Stone Temple Pilots – Core by Killian Laher

In the early nineties, you were as likely to discover new music through music videos as through radio, particularly in Ireland.  You were never likely to hear the Stone Temple Pilots on Irish radio but the video for Plush was shown late one evening.  The slow, catchy, heavy riffs of the song, combined well with singer Scott Weiland’s swaying, confident vocal.  Although the accusations of copying Eddie Vedder’s vocal style largely stem from this song, at the time this was exactly what I wanted to hear.  What I didn’t realise was I was all on my own here.  Virtually nobody I knew, knew anything about them.  And those that did were completely dismissive of them as grunge bandwagon jumpers who weren’t even from Seattle.  But I couldn’t get Plush out of my head so purchased the album.

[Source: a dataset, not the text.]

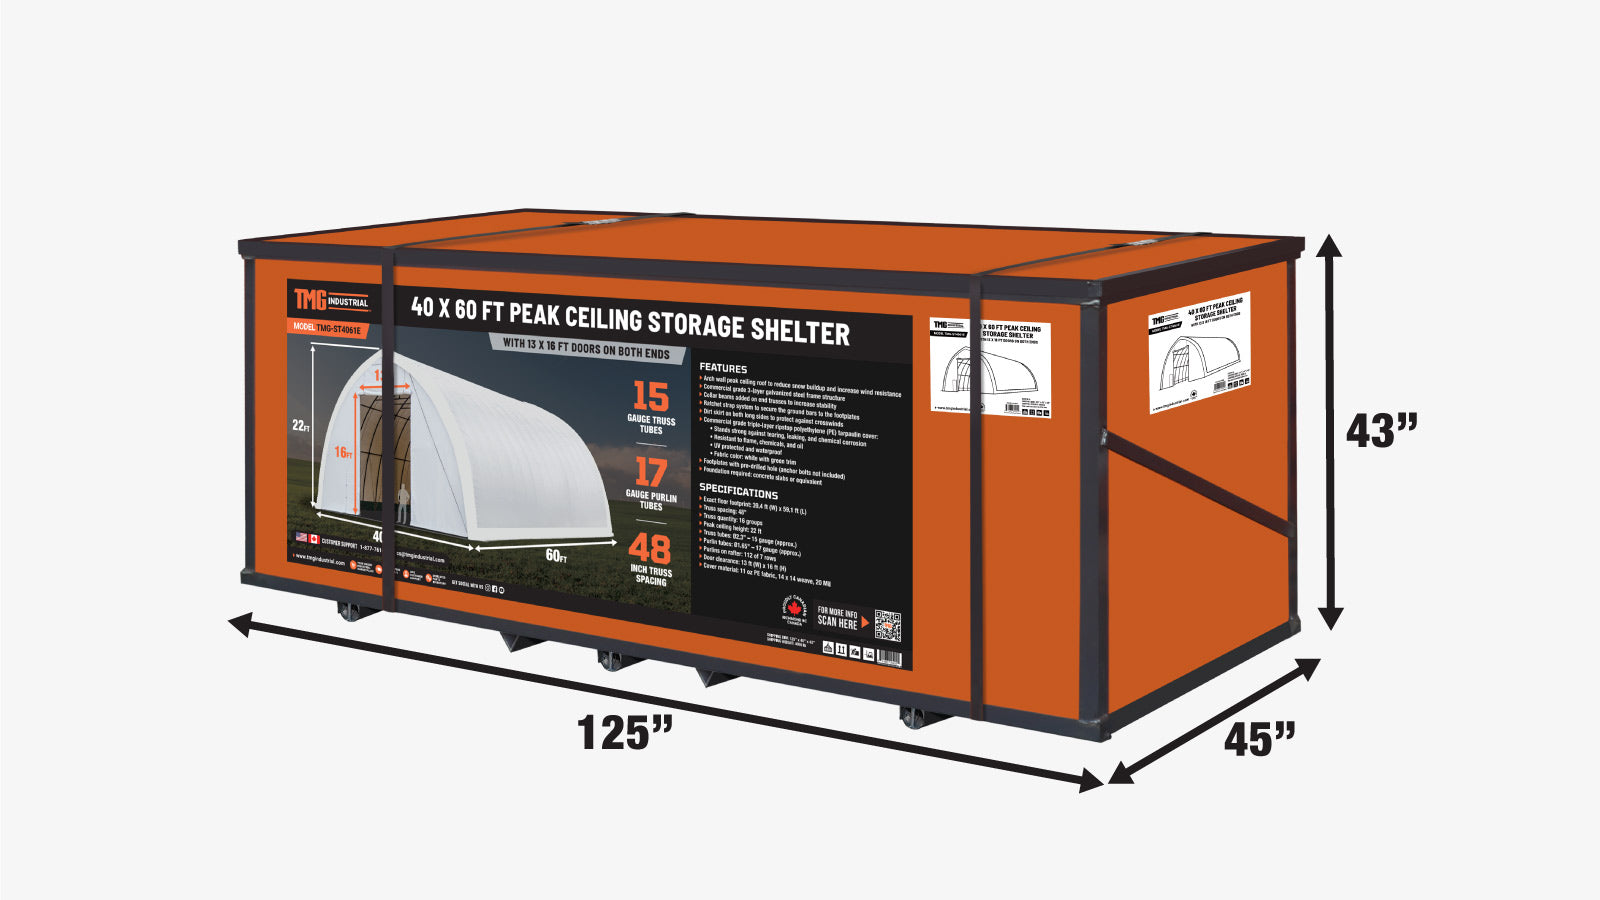 TMG-ST4061E 40' x 60' Peak Ceiling Storage Shelter, Single Truss, 11oz PE Cover, 13' W x 16' H Wide Open Door on Two End Walls-shipping-info-image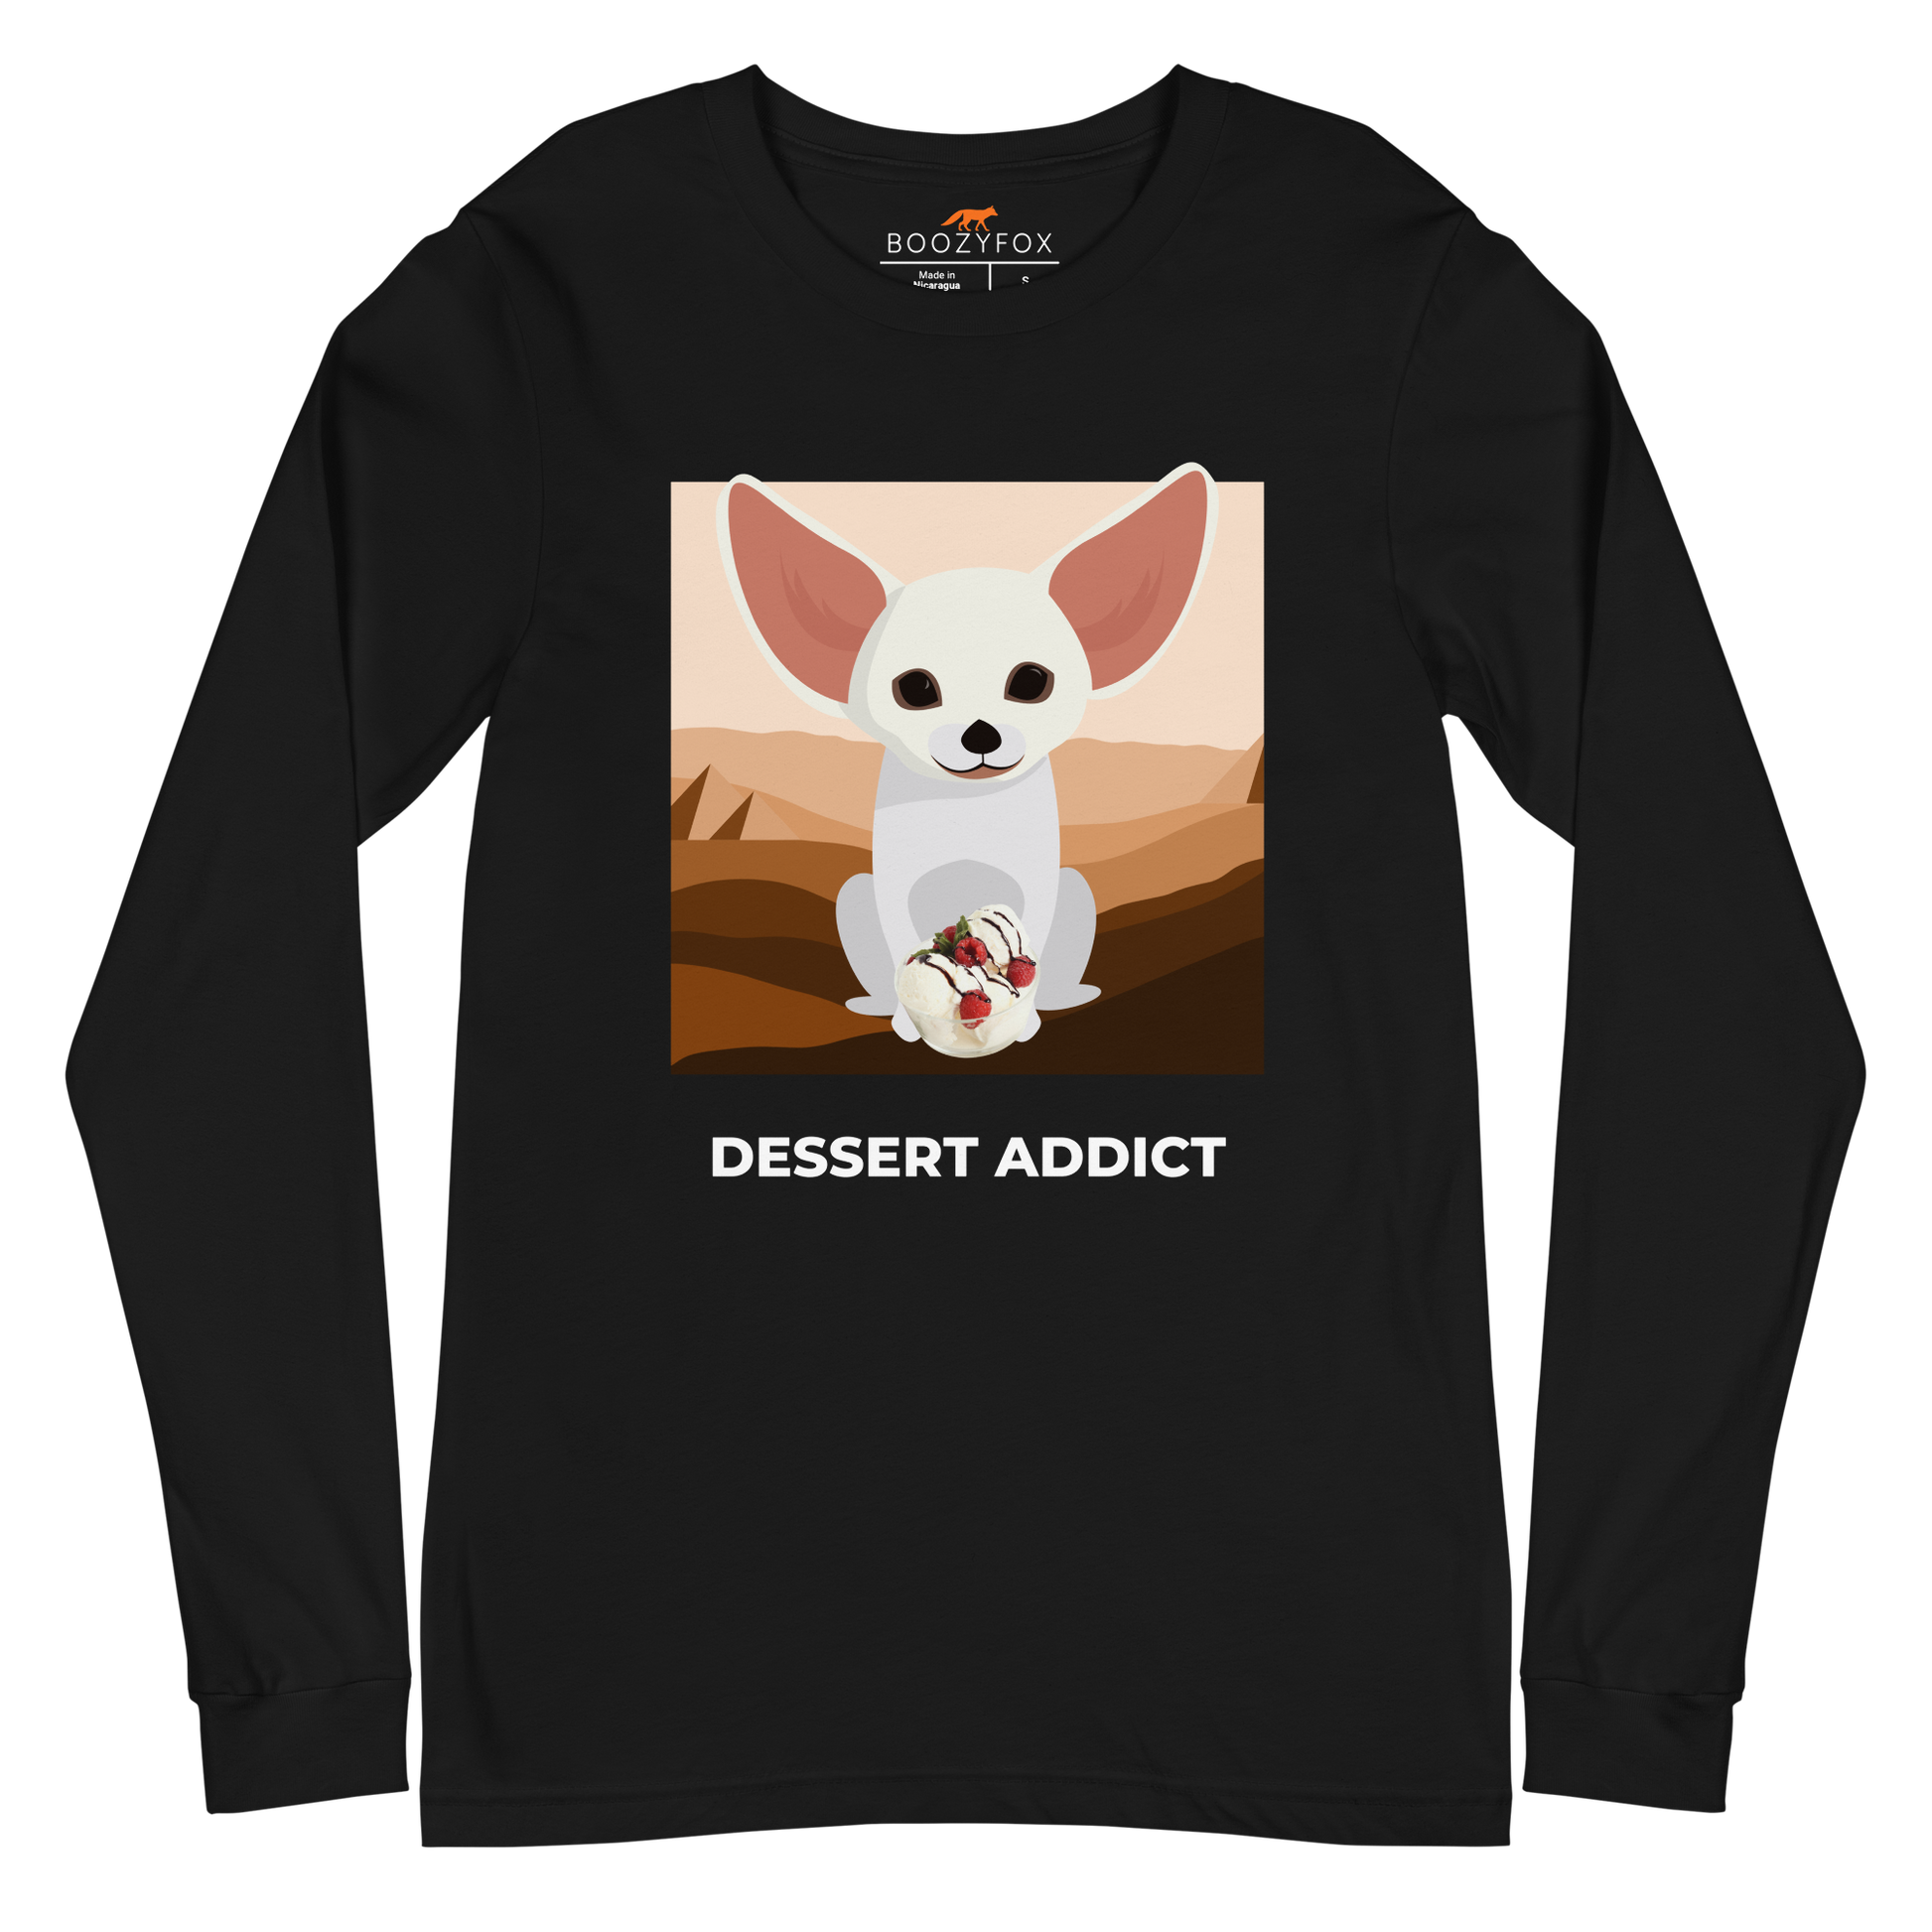 Black Fennec Fox Long Sleeve Tee featuring a delightful Dessert Addict graphic on the chest - Funny Fennec Fox Long Sleeve Graphic Tees - Boozy Fox

On first listen it sounded like a load of meat-head heavy rock.  Opening track Dead and Bloated combined bawled, strange lyrics (“I AM smelling like a rose that somebody gave me on my birthday deathbed”) over slamming, swaggering riffs.   Sex Type Thing was heavier again, and faster with a killer riff and a borderline threatening lyric: “here I come I come I come I come… I wanna get close to you, I wanna get next to you”.  Turned out the song was a depiction of predatory males, not an endorsement.  Weiland used to disparage the macho male when performing this live, camping it up.  The whole album had a very heavy feel through riff-driven songs like Crackerman and the slower Where The River Goes.  Weiland maintained a gruff, almost thuggish delivery across the album, exemplified by Piece of Pie, over tough-sounding guitar riffs.

There was more to the band than heavy.  The slowburn of Creep showed a different side to them, as did their performance on MTV Unplugged around the same time.  This showed how the band could be a lot more laidback, Weiland singing from a rocking chair.  I know the band didn’t want to get pigeonholed by Plush, burying it as track nine, but it really is the standout song here.  It’s a riff any rock band would be proud to have written.  The lyrics are kind of meaningless, all this stuff about “and I feel it”…. and “when the dogs begin to smell her”.  Despite the lyrics, Weiland’s deep vocal still makes the song sound great.  It’s not cerebral, heady stuff, instead this one hits you in the gut.

The band never got much credit at the time.  Criticised as rip-off grunge bandwagon jumpers, someone christened them Stone Temple Pearl Jam!  However, they always had a way with great, melodic hooks.  The band actually changed their sound considerably after this album, largely for the better.  But the strongest tracks here have lost none of their power.